Lets look at this import dependency:

<dependencies>
  <dependency>
    <groupId>org.springframework.boot</groupId>
    <artifactId>spring-boot-dependencies</artifactId>
    <version>${spring.boot.version}</version>
    <type>pom</type>
    <scope>import</scope>
  </dependency>

spring-boot-dependencies is imported, so there is no easy way to exclude elasticsearch dependency that it pulls into our project. A simple maven <exclude> will not work here.

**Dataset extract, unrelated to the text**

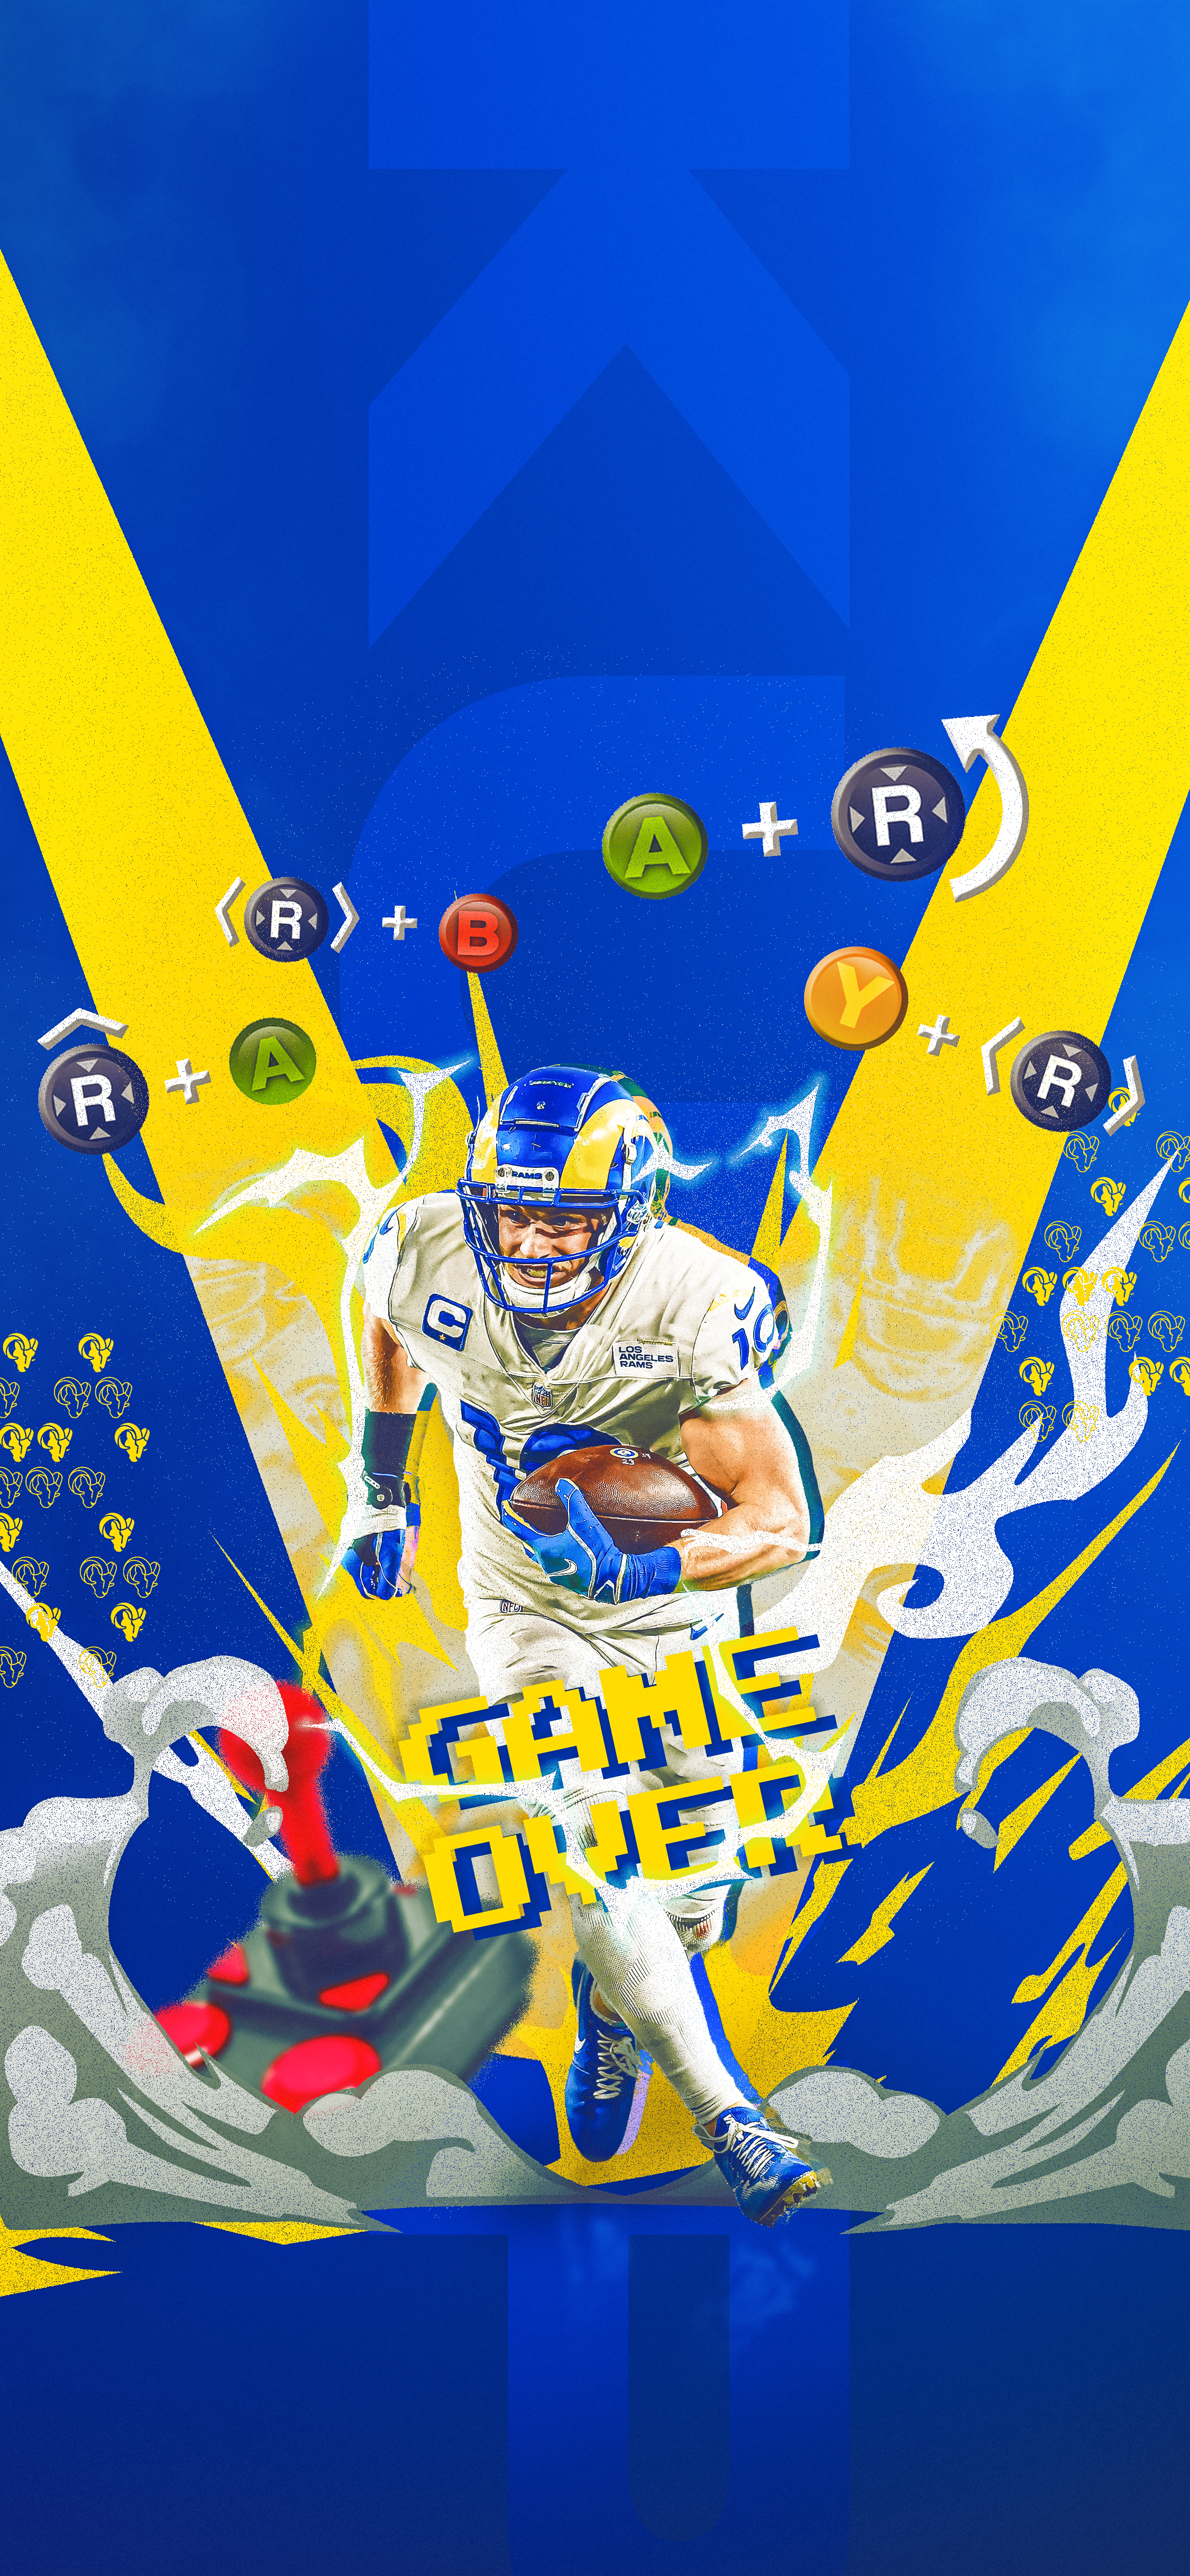 Free download Rams Wallpaper Los Angeles Rams theramscom [2250x4872] for your Desktop, Mobile & Tablet. Explore Rams Wallpaper. LA Rams Wallpaper, Rams Desktop Wallpaper, LA Rams Wallpaper

The only way to solve the issue is to bring elasticsearch dependencies into your project dependency management block like this:

<properties>
  <spring.boot.version>2.1.6.RELEASE</spring.boot.version>
  <spring.cloud.version>Greenwich.RELEASE</spring.cloud.version>
  
  <elasticsearch.version>5.6.8</elasticsearch.version>
</properties>

<dependencyManagement>
  <dependencies>
    <dependency>
      <groupId>org.springframework.boot</groupId>
      <artifactId>spring-boot-dependencies</artifactId>
      <version>${spring.boot.version}</version>
      <type>pom</type>
      <scope>import</scope>
    </dependency>

    <dependency>
      <groupId>org.springframework.cloud</groupId>
      <artifactId>spring-cloud-dependencies</artifactId>
      <version>${spring.cloud.version}</version>
      <type>pom</type>
      <scope>import</scope>
    </dependency>
    
    <!-- Elasticsearch -->
    <dependency>
      <groupId>org.elasticsearch</groupId>
      <artifactId>elasticsearch</artifactId>
      <version>${elasticsearch.version}</version>
    </dependency>

    <dependency>
      <groupId>org.elasticsearch.client</groupId>
      <artifactId>transport</artifactId>
      <version>${elasticsearch.version}</version>
    </dependency>

    <dependency>
      <groupId>org.elasticsearch.distribution.integ-test-zip</groupId>
      <artifactId>elasticsearch</artifactId>
      <version>${elasticsearch.version}</version>
      <type>zip</type>
    </dependency>

    <dependency>
      <groupId>org.elasticsearch.plugin</groupId>
      <artifactId>transport-netty4-client</artifactId>
      <version>${elasticsearch.version}</version>
    </dependency>

  </dependencies>
</dependencyManagement>

Now run mvn -Dverbose=true help:effective-pom and confirm that the problem is fixed.